* _AIM OF THE TASK_: Only an exact repetition of the lines from the one holding "Rolls Royce Phantom on white background" to the end of the data is wanted, with pictures left out.

* _PROVIDED MATERIAL_:

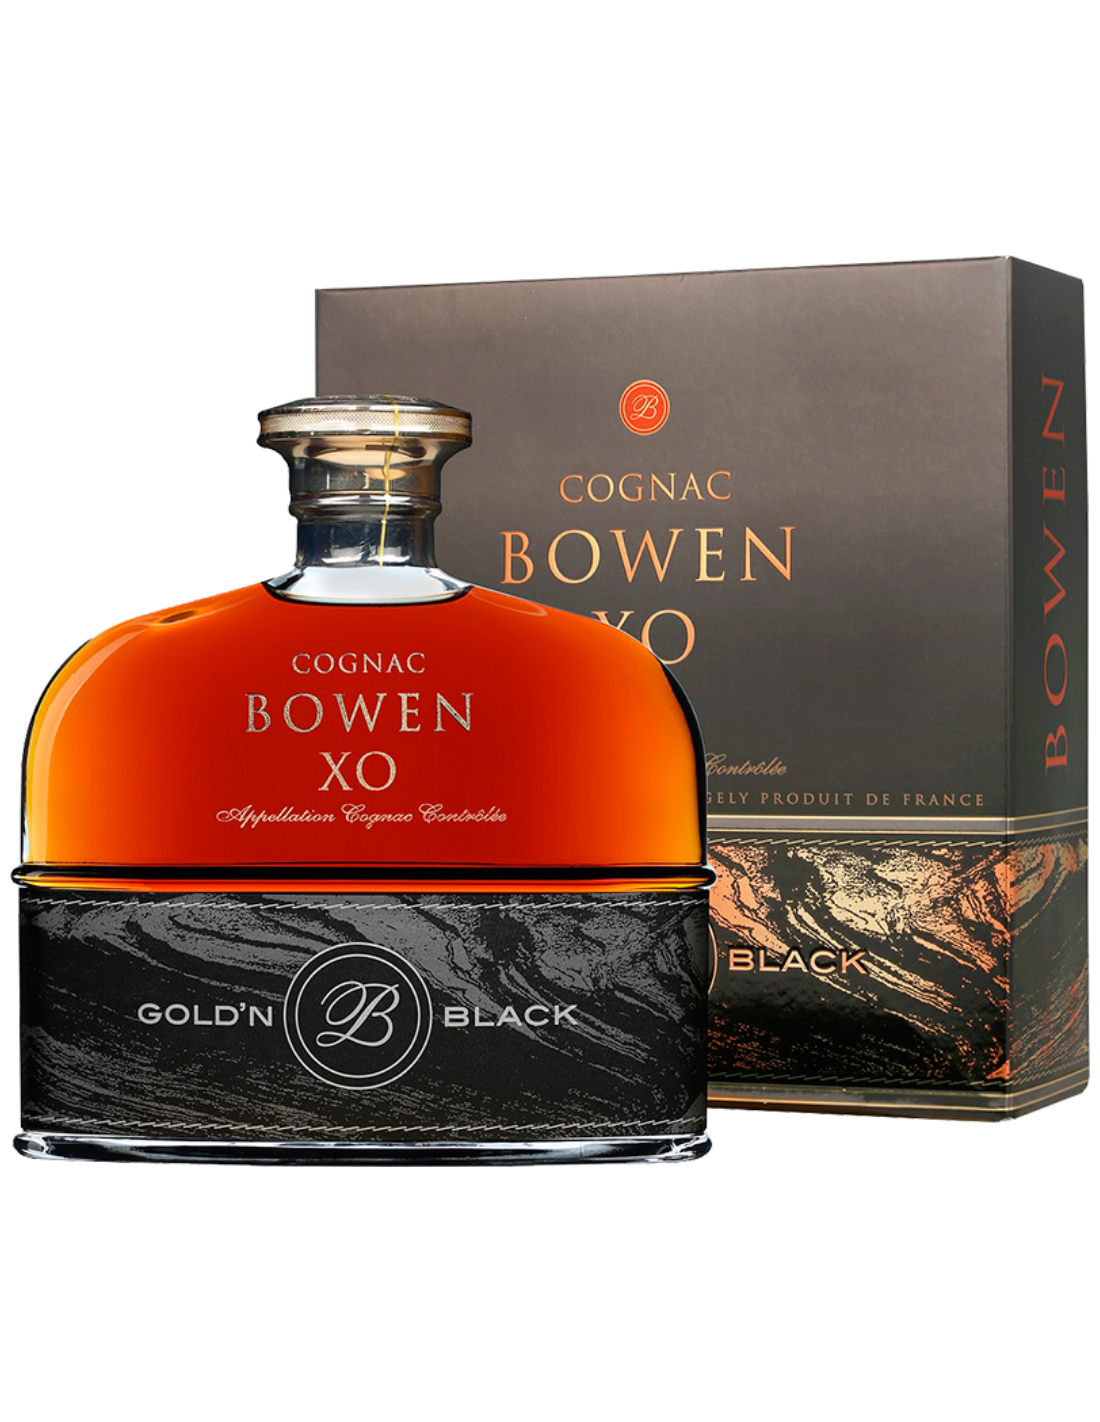 Coniac Bowen XO Gold’N Black, 40% alc., 0.7L, Franta alcooldiscount.ro
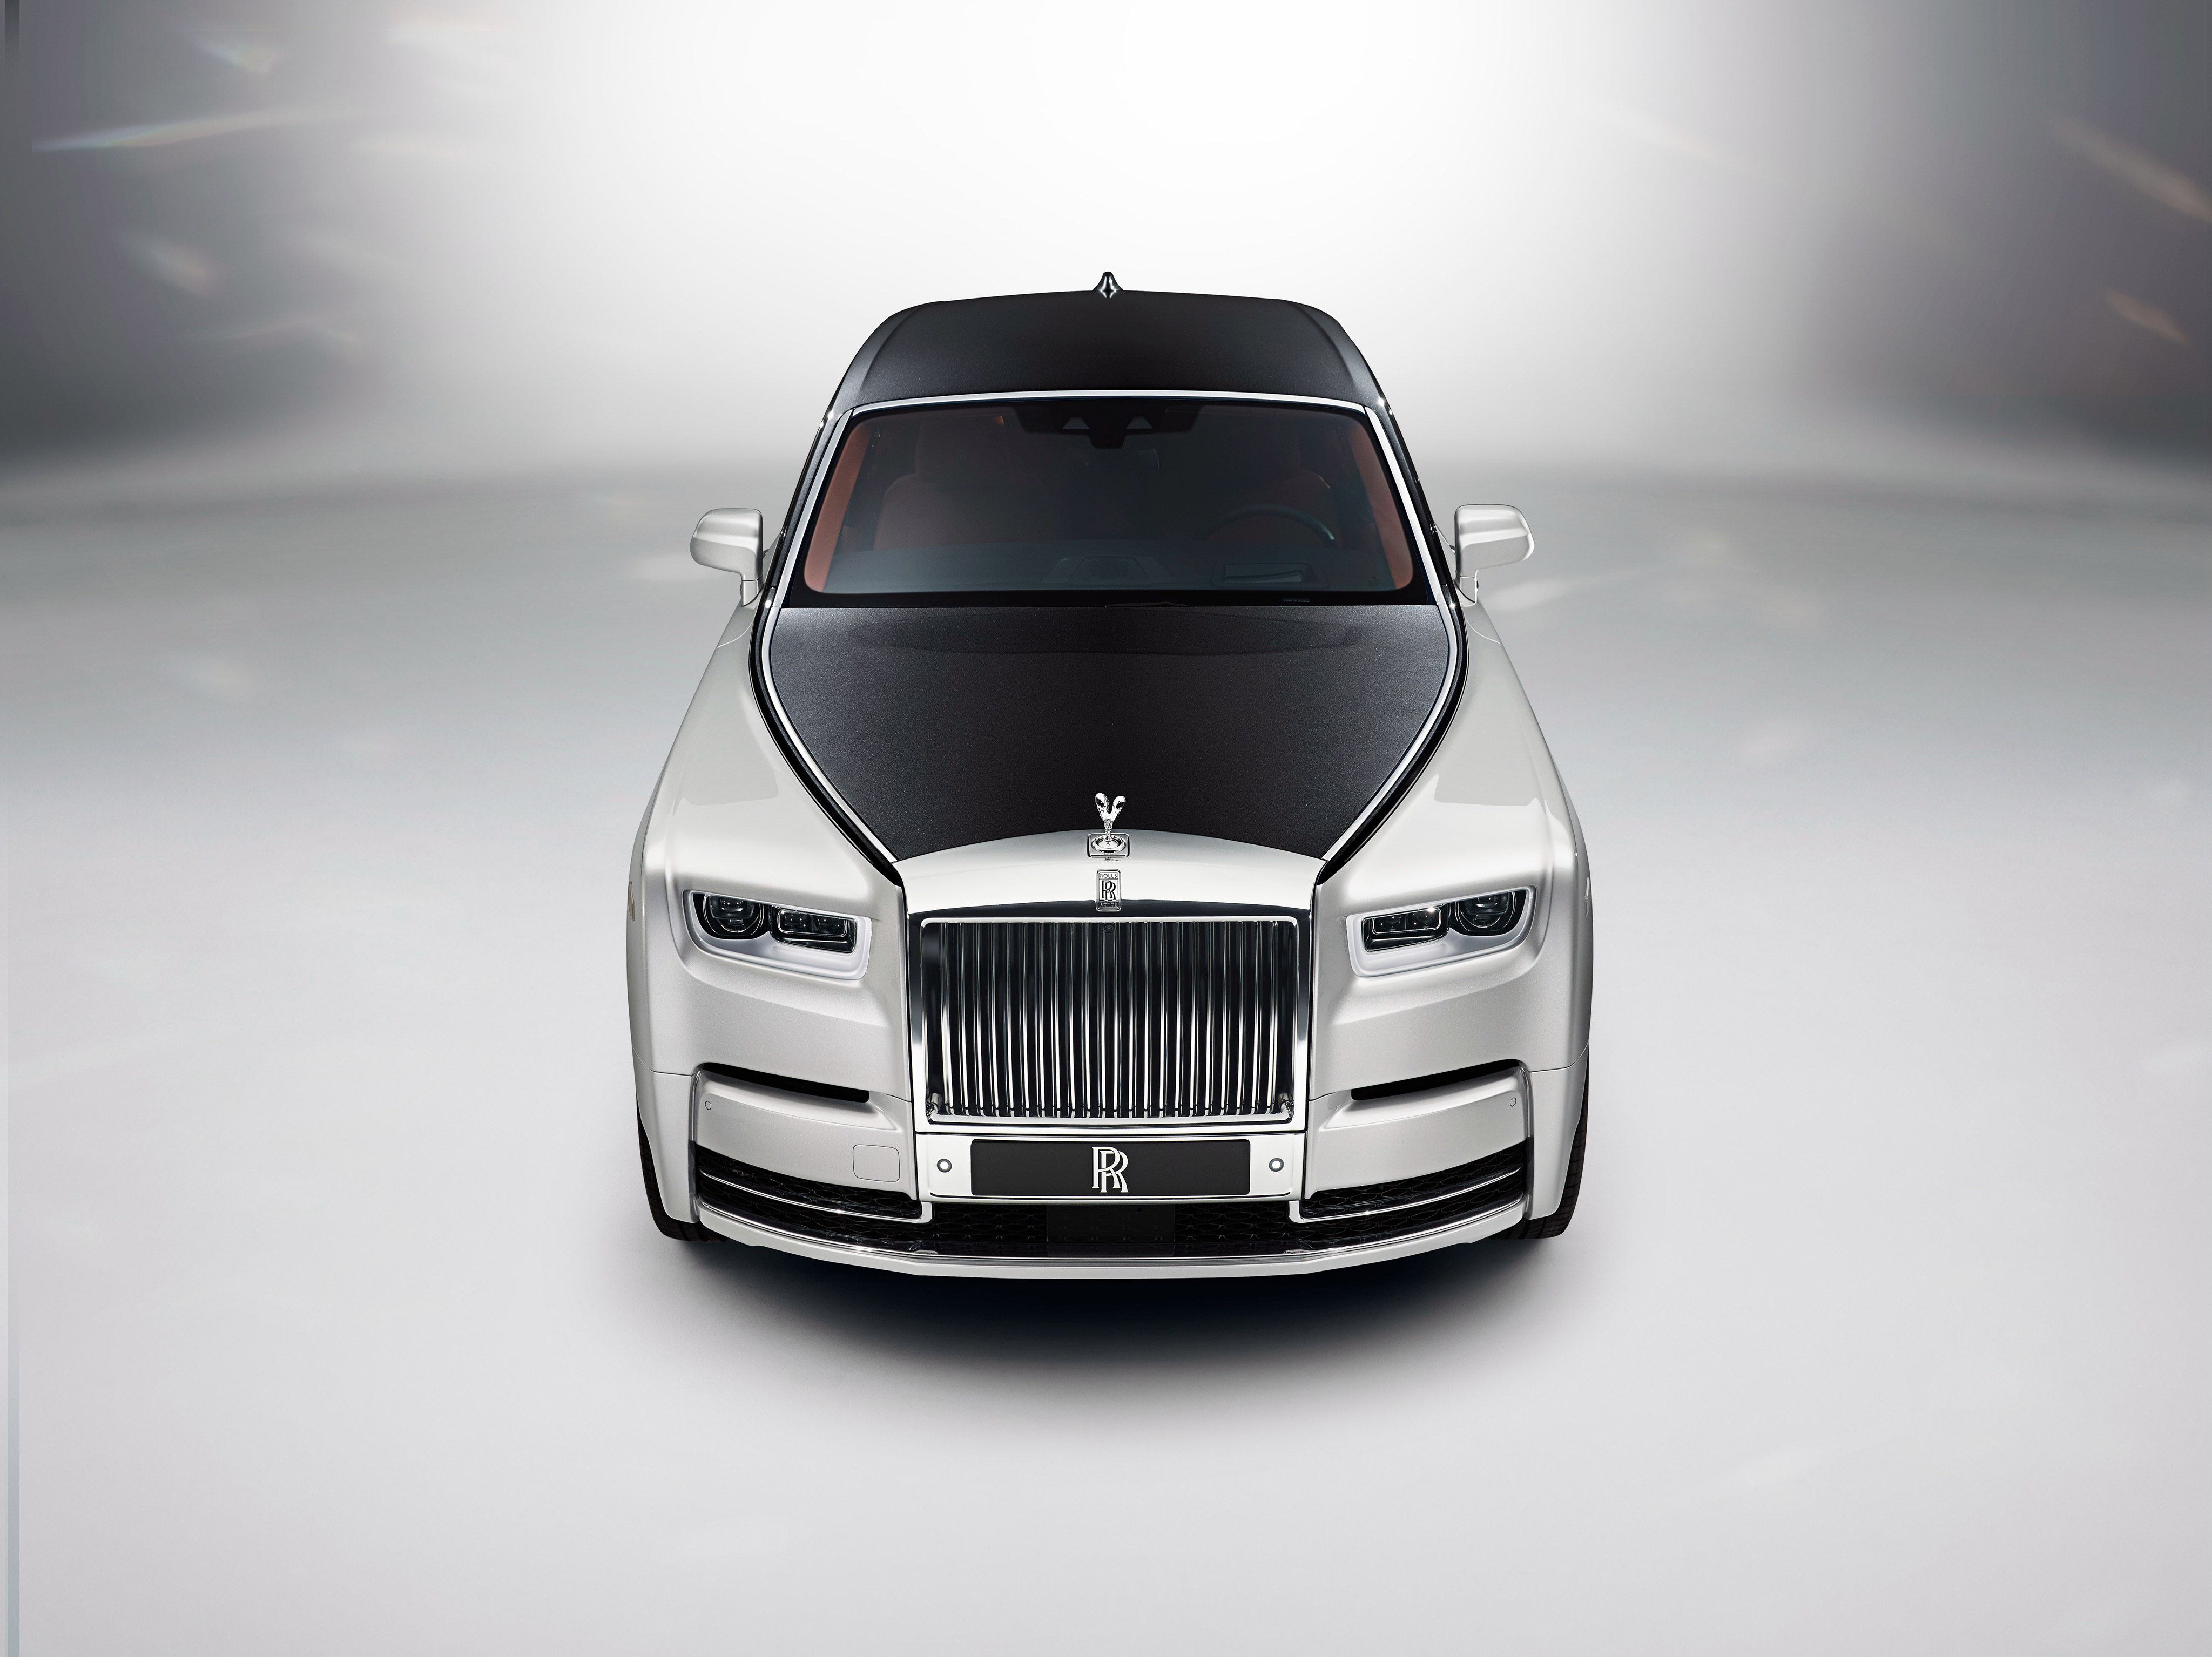 Rolls Royce Phantom on white background
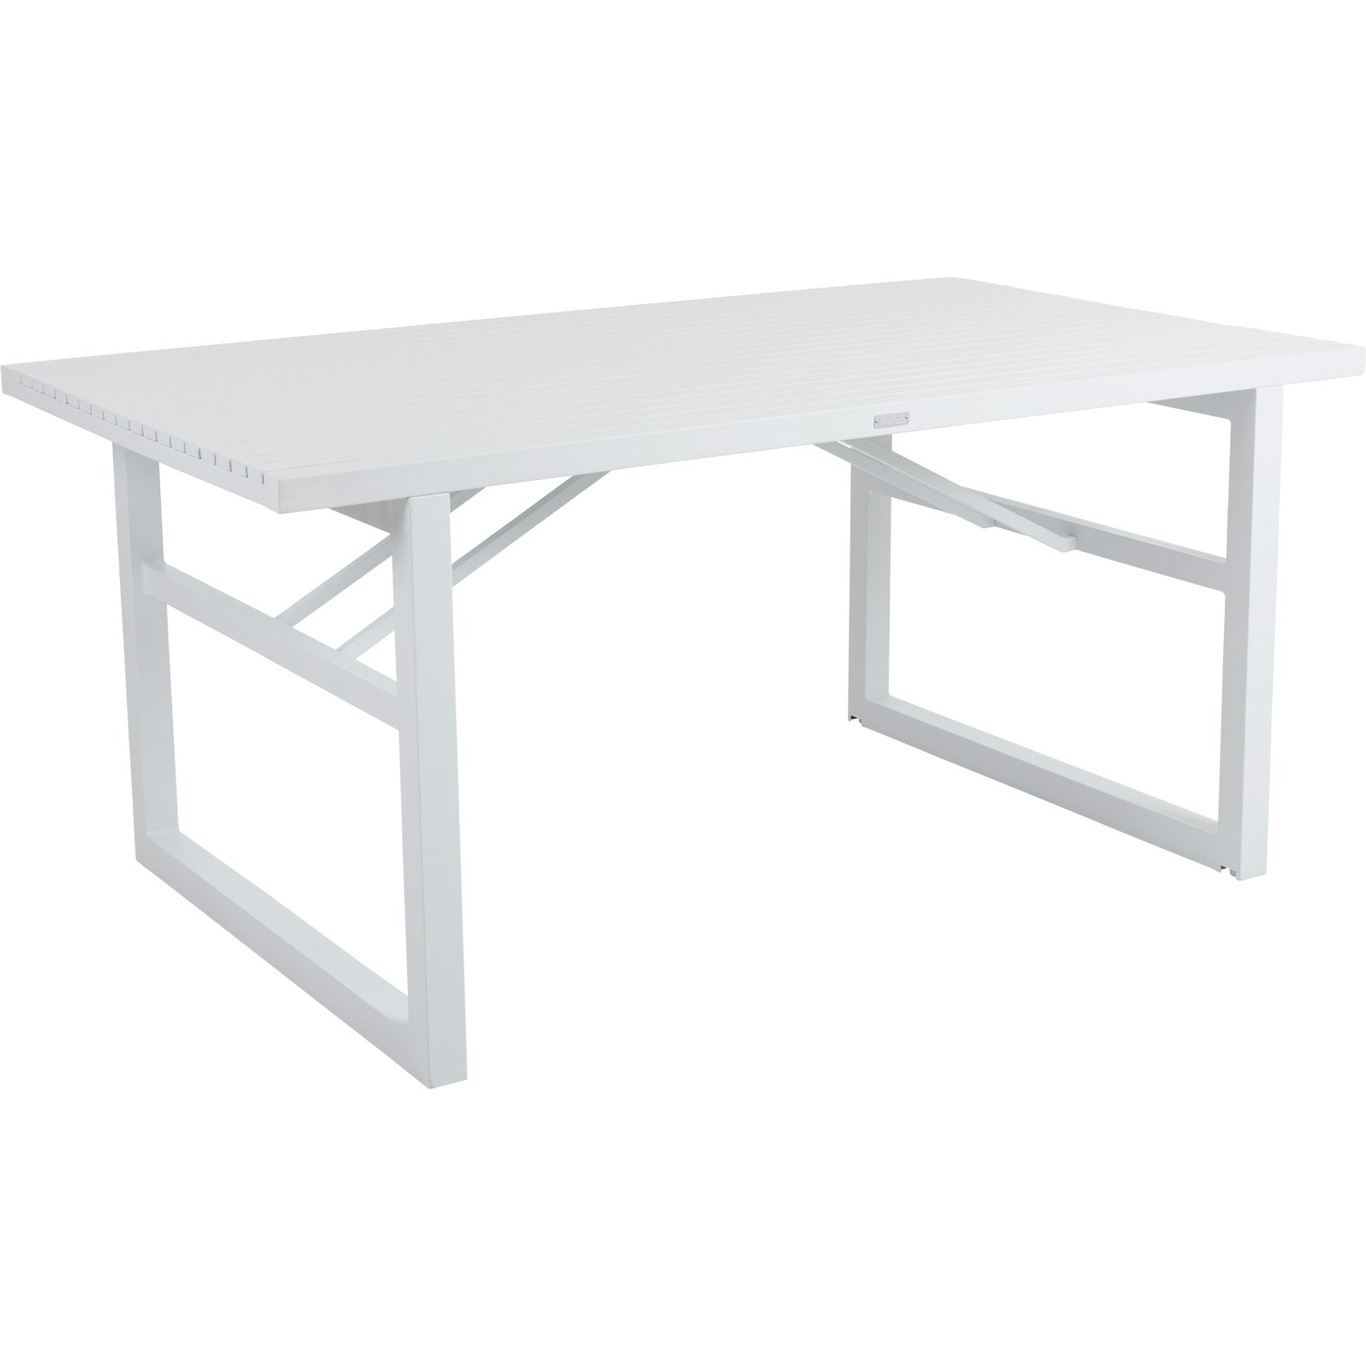 Vevi Dining Table, White 160x90 cm Aluminium, White

* _RESULT FOR THIS EXERCISE_:
 Rolls Royce Phantom on white background
 Vevi Dining Table, White 160x90 cm Aluminium, White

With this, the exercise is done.